A pooled memory region for KV Cache blocks
A global index mapping token blocks to physical addresses
A scheduler distributing requests among LLM instances

Beluga-KVCache improves this pipeline by:

Using CXL load/store for KV Cache reads/writes
Replacing RDMA-based index service communication with CXL RPC
Simplifying scheduling thanks to flatter memory hierarchy

📊 Evaluation Results
#

Beluga-KVCache consistently outperforms MoonCake across all scenarios.

Metric	Cache-Populate	Cache-Hit
TTFT	12.4% lower	89.6% lower
Throughput (QPS)	21.5% higher	7.35× higher

Latency and Throughput (TTFT / TPOT)
#

In cache-hit runs (second-run inference), KV Cache read latency dominates. Beluga’s CXL semantics allow faster access than MoonCake’s RDMA protocol:

Lower TTFT
Lower TPOT
Elimination of cross-device synchronization penalties

Impact of Context Length
#

Beluga’s advantage grows as input sequence length increases:

At 8K tokens, KV Cache operations dominate total latency.
Beluga-KVCache consistently delivers lower average and P99 TTFT.
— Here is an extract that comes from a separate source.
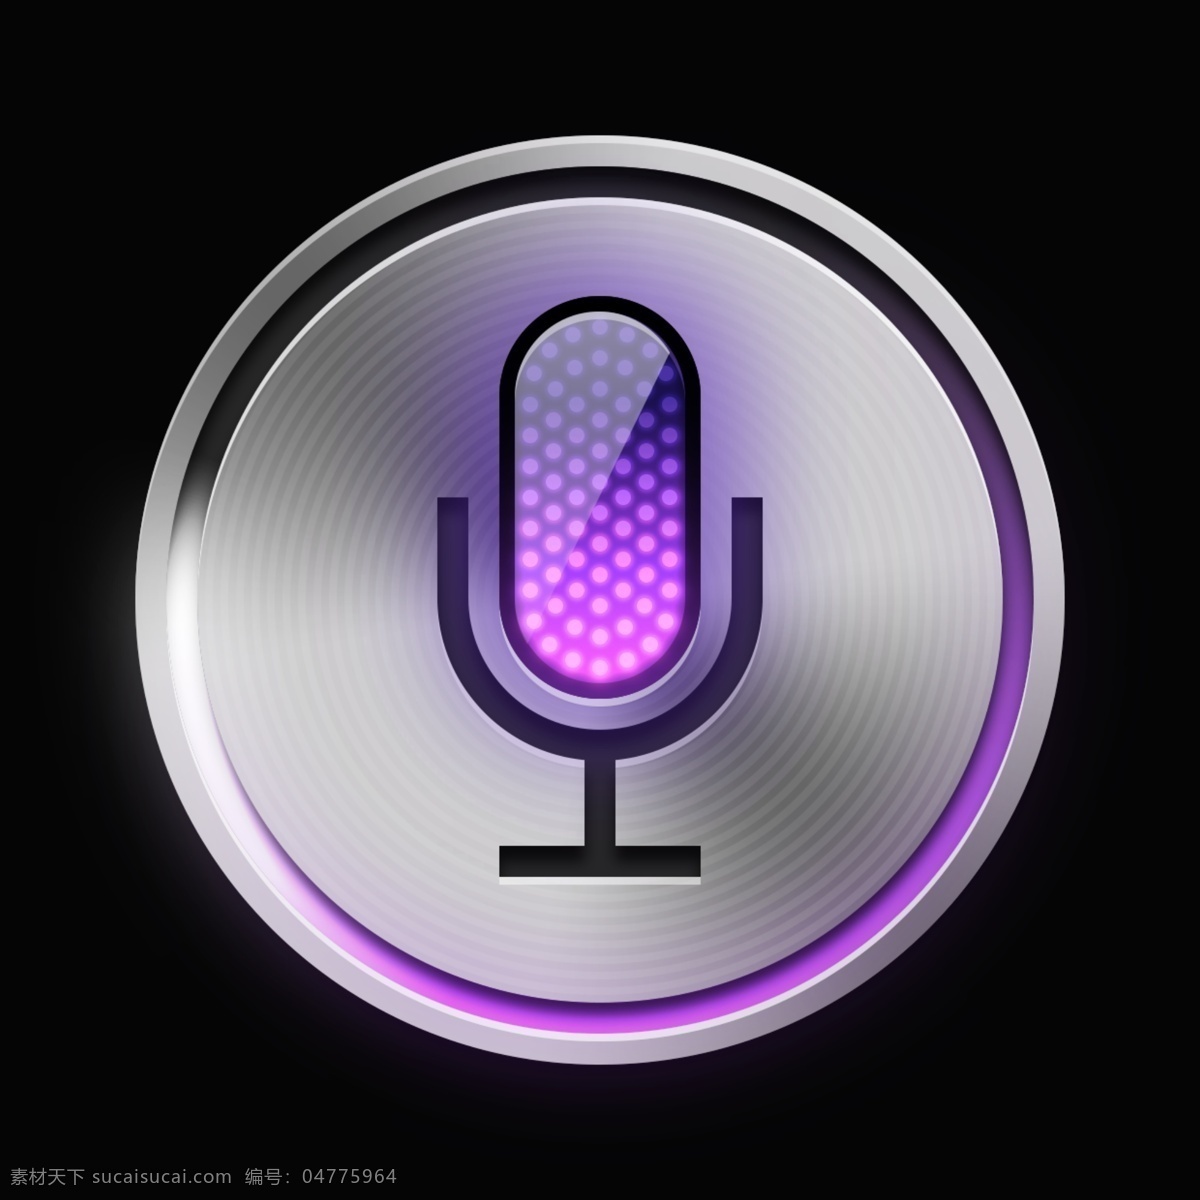 紫色 网页 ui 拉斯 话筒 金属 质感 图标 图标设计 icon icon设计 icon图标 网页图标 话筒图标 麦克风图标 麦克风 话筒icon

Deployment: Prefill–Decode Architecture
#

In the common Prefill–Decode decoupled setup:

Beluga accelerates KV Cache load/store paths, achieving 3.41×–9.47× higher QPS.
MoonCake struggles when the KV Cache block size is small (e.g., 16 tokens), causing cache-hit TTFT to spike to 76.8 seconds.
Beluga directly uses vLLM’s native 16-token blocks—with no batching—maintaining low latency.

🚀 Conclusion
#

Beluga and Beluga-KVCache demonstrate how CXL memory semantics can fundamentally reshape LLM serving architecture:

Massive shared memory pools
Uniform CPU/GPU access
Load/store simplicity instead of RDMA complexity
Dramatically reduced TTFT
Major throughput improvements

Beluga shows that moving beyond RDMA to CXL-based memory pooling is a powerful architectural shift—one that may define the next generation of high-performance LLM serving infrastructure.